Segundo já havia revelado José Apolinário ao nosso jornal, há interessados em investir em empreendimentos turísticos em Santa Bárbara de Nexe e em Estoi, fora do perímetro urbano dessas sedes de freguesia farenses. 

Na altura, o presidente da Câmara de Faro também anunciou que iria fazer depender a aprovação de qualquer projecto ou projectos a instalar no Núcleo de Desenvolvimento Turístico a criar, da construção de «um campo de golfe de 18 buracos». 

A Câmara de Faro foi uma das que se mostrou descontente com a distribuição que foi feita pela CCDRA das 24 mil camas turísticas fora do perímetro urbano previstas no Plano Regional de Desenvolvimento do Território do Algarve (Protal). 
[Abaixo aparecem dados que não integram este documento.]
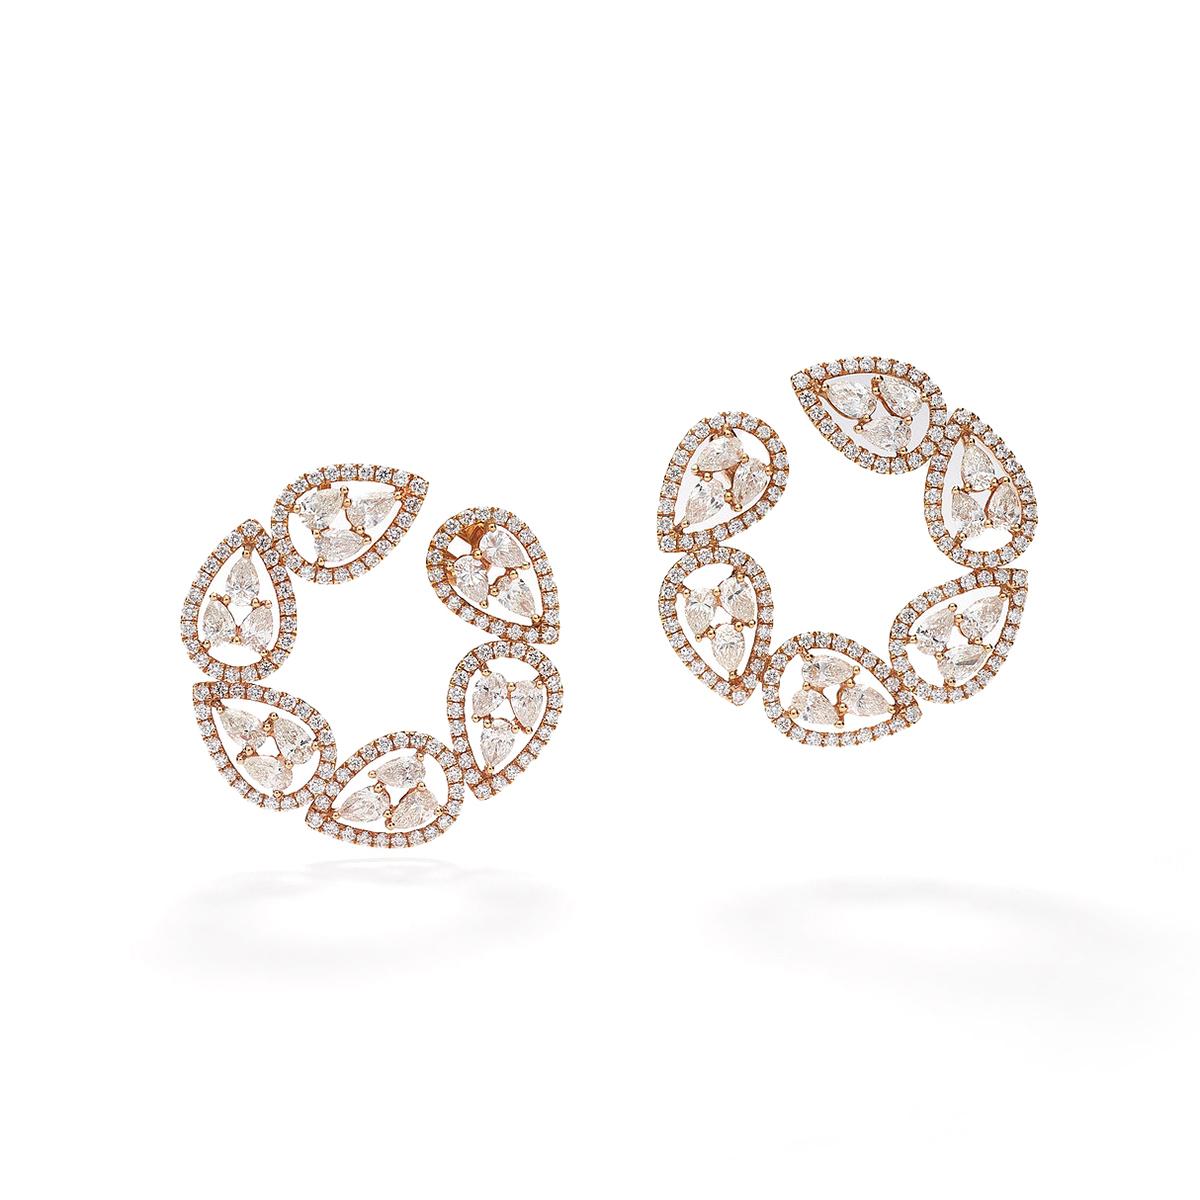 Earrings in 18kt pink gold set with 300 pear- shaped diamonds and diamonds 6.09 cts

Mas, poucos dias depois de a tabela de distribuição ter sido anunciada, José Apolinário revelou a sua convicção de que «a questão das camas terá de ser revista em 2010», pois não haverá investidores suficientes para as autorizadas no interior.



_



http://www.barlavento.online.pt/index.php/noticia?id=30327


----------



## Agreste (12 Fev 2009 às 21:21)

*Re: Freeport e outros casos de ocupação de reserva ecológica e reserva agrícola  naci*

Vamos ver a proposta, o projecto, mas não me parece mal. Do lado de Loulé tem sido feito tudo, possível, imaginário, bom e mau. Basta veres o «Dunas Douradas» dos noruegueses encostado ao Ludo. Se o projecto for bom é melhor que seja feito do que não fazer nada. Mas há freeport's ao contrário, quando a legislação é tanta e tão intrincada. Basta ires à Costa Vicentina.


----------



## psm (13 Fev 2009 às 09:18)

*Re: Freeport e outros casos de ocupação de reserva ecológica e reserva agrícola  naci*

Posso referir um exemplo muito falado em tempos, e em pleno parque natural Sintra Cascais, o famoso empreendimento do Abano.


----------